**Provided data:**
⟨

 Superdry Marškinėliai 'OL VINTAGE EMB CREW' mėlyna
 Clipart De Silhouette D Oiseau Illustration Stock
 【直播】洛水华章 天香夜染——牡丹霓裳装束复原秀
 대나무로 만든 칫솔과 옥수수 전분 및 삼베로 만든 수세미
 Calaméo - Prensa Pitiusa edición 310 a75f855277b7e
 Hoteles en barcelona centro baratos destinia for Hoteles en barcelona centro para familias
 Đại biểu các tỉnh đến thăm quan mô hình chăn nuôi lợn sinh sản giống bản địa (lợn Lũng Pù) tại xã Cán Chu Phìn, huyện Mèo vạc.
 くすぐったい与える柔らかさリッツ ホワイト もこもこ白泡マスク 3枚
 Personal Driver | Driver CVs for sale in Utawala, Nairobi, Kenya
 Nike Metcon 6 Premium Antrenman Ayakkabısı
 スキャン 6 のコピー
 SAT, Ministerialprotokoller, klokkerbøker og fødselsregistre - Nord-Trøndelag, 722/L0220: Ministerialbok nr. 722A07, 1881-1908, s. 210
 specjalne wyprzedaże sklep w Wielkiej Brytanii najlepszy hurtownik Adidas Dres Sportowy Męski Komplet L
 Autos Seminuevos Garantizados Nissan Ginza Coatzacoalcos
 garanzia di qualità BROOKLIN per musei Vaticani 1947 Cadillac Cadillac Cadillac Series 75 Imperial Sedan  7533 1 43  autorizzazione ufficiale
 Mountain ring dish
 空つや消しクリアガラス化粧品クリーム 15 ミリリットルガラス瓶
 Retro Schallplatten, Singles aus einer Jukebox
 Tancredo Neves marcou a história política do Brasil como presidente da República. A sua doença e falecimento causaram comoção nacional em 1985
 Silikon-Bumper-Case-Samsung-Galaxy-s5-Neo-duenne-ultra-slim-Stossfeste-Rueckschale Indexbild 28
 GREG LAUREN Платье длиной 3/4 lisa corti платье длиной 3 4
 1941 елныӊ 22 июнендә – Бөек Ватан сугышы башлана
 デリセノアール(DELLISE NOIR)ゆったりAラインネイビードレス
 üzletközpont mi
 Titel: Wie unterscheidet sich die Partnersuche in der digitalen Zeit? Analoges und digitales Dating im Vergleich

⟩

**Assigned task:**
Copy every record above exactly as it is.

**Your solution:**
 Superdry Marškinėliai 'OL VINTAGE EMB CREW' mėlyna
 Clipart De Silhouette D Oiseau Illustration Stock
 【直播】洛水华章 天香夜染——牡丹霓裳装束复原秀
 대나무로 만든 칫솔과 옥수수 전분 및 삼베로 만든 수세미
 Calaméo - Prensa Pitiusa edición 310 a75f855277b7e
 Hoteles en barcelona centro baratos destinia for Hoteles en barcelona centro para familias
 Đại biểu các tỉnh đến thăm quan mô hình chăn nuôi lợn sinh sản giống bản địa (lợn Lũng Pù) tại xã Cán Chu Phìn, huyện Mèo vạc.
 くすぐったい与える柔らかさリッツ ホワイト もこもこ白泡マスク 3枚
 Personal Driver | Driver CVs for sale in Utawala, Nairobi, Kenya
 Nike Metcon 6 Premium Antrenman Ayakkabısı
 スキャン 6 のコピー
 SAT, Ministerialprotokoller, klokkerbøker og fødselsregistre - Nord-Trøndelag, 722/L0220: Ministerialbok nr. 722A07, 1881-1908, s. 210
 specjalne wyprzedaże sklep w Wielkiej Brytanii najlepszy hurtownik Adidas Dres Sportowy Męski Komplet L
 Autos Seminuevos Garantizados Nissan Ginza Coatzacoalcos
 garanzia di qualità BROOKLIN per musei Vaticani 1947 Cadillac Cadillac Cadillac Series 75 Imperial Sedan  7533 1 43  autorizzazione ufficiale
 Mountain ring dish
 空つや消しクリアガラス化粧品クリーム 15 ミリリットルガラス瓶
 Retro Schallplatten, Singles aus einer Jukebox
 Tancredo Neves marcou a história política do Brasil como presidente da República. A sua doença e falecimento causaram comoção nacional em 1985
 Silikon-Bumper-Case-Samsung-Galaxy-s5-Neo-duenne-ultra-slim-Stossfeste-Rueckschale Indexbild 28
 GREG LAUREN Платье длиной 3/4 lisa corti платье длиной 3 4
 1941 елныӊ 22 июнендә – Бөек Ватан сугышы башлана
 デリセノアール(DELLISE NOIR)ゆったりAラインネイビードレス
 üzletközpont mi
 Titel: Wie unterscheidet sich die Partnersuche in der digitalen Zeit? Analoges und digitales Dating im Vergleich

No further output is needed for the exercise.